Attorney, Agent or Firm: Samuels, Gauthier & Stevens
Claims
I claim:
1. A boring machine for digging tunnels, commonly called a double shield
boring machine, of the type comprising a first, front shield, containing
the boring head and its driving members, and a second shield, fitted with
pads or "grippers" for providing the anchorage necessary for the
advancement of the boring machine, characterized in that a third shield is
provided, arranged between said first and said second shield such that the
first shield overlaps partially to it and is able to slide axially with
respect to the third shield itself, and that the assembly first
shield/third shield can vary its advancement direction with respect to the
second shield; guide means being provided between said first shield and
said third shield, that allow these latter to perform a relative motion in
the longitudinal axial direction only, keeping concentric, and prevent
relative rotations about the longitudinal axis, means being provided for
advancing said first shield with respect to said third shield, as well as
means for setting at an angle the assembly first shield/third shield with
respect to said second shield.
2. A boring machine according to claim 1, characterized in that said guide
means between said first and second shield are made up of a longitudinal
axial central structure, integral with the first shield, sliding within a
guide arranged on said third shield.
3. A boring machine according to claim 2, in which said central structure
is a tubular structure.
4. A boring machine according to claim 2 or 3, characterized in that the
coupling between the central structure and the guide extends
longitudinally so as to support radial, twisting and bending loads.
5. A boring machine according to claim 2 or 3, characterized in that the
coupling between the central structure and the guide is longitudinally
extended, so as to support the radial loads and the bending and twisting
moments, further lateral guide means being provided between the first and
the third shield.
6. A boring machine according to claim 5, in which said further guide means
are comprised of beams peripherally supported by said first shield and by
corresponding peripheral guides supported by the third shield.

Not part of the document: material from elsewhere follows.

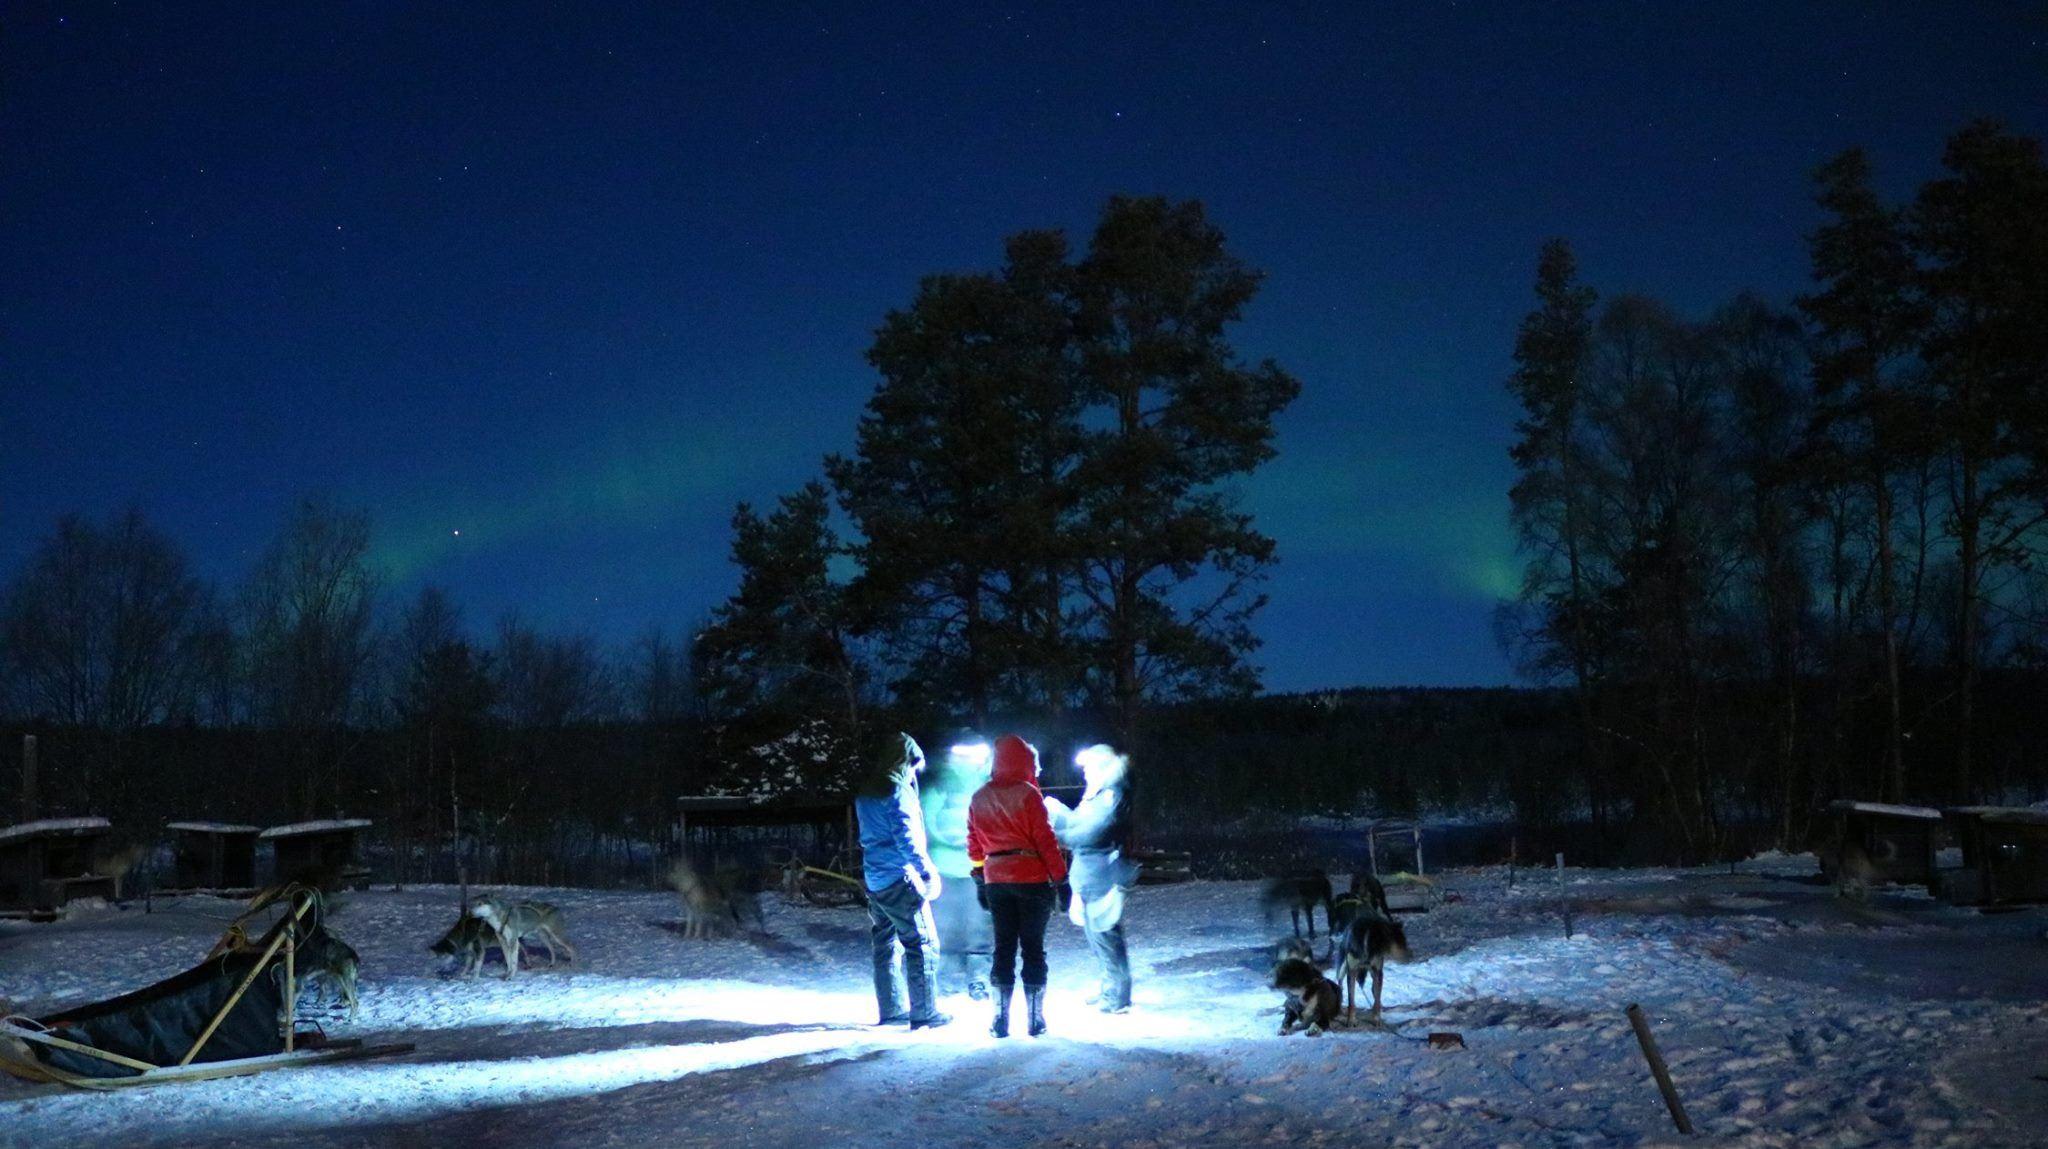 Northern light husky safari (Accommodation at BIRK is needed)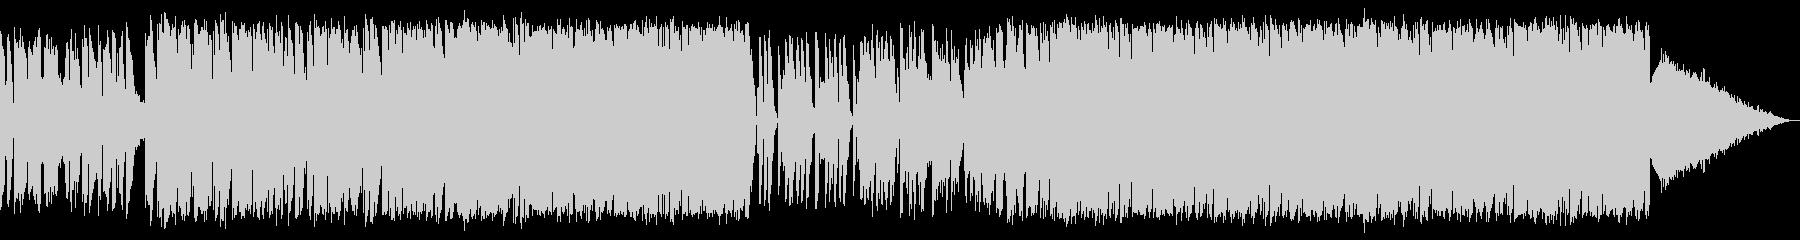 EDM  Track 08  の未再生の波形

7. A boring machine according to claim 1, characterized in that the partial
overlap between the first and the third shield is realized in the
proximity of the zone of the coupling between the second and the third
shield.
8. A boring machine according to claim 1, characterized in that the partial
overlap between the first and the third shield is realized in an opposite
position with respect to coupling zone between the second and the third
shield.
9. A boring machine according to claim 1, characterized in that said first
shield is arranged in correspondence with the zone of the overlap with the
third shield, completely external to the third shield itself.
10. A boring machine according to claim 1, characterized in that the means
for advancing the first shield with respect to the third shield are
comprised of first hydraulic cylinders, identical to each other, fed in
parallel, arranged between the first and the third shield, and the means
for setting at an angle the assembly first shield/third shield with
respect to the second shield are made up of second variable flow hydraulic
cylinders arranged between the second and the third shield.
11. A boring machine according to claim 1, characterized in that the means
for advancing the first shield with respect to the third shield and the
means for setting at an angle the assembly first shield/third shield with
respect to the second shield are made up of variable flow; hydraulic
cylinders, identical to each other, arranged between the first and the
second shield.
12. A boring machine according to claim 1, characterized in that third
hydraulic cylinders, tangential in the plane perpendicular to the
longitudinal axis of the shields which control the rotations of the
assembly first/third shield with respect to the second shield are provided
between the second and the third shield.
13. A boring machine according to claim 1, characterized in that the outer
portion of the first shield and/or the outer portion of the third shield
are comprised of detachable sectors.
14. A boring machine according to claim 1, characterized in that seal
and/or cleaning members are provided in the telescopic zone.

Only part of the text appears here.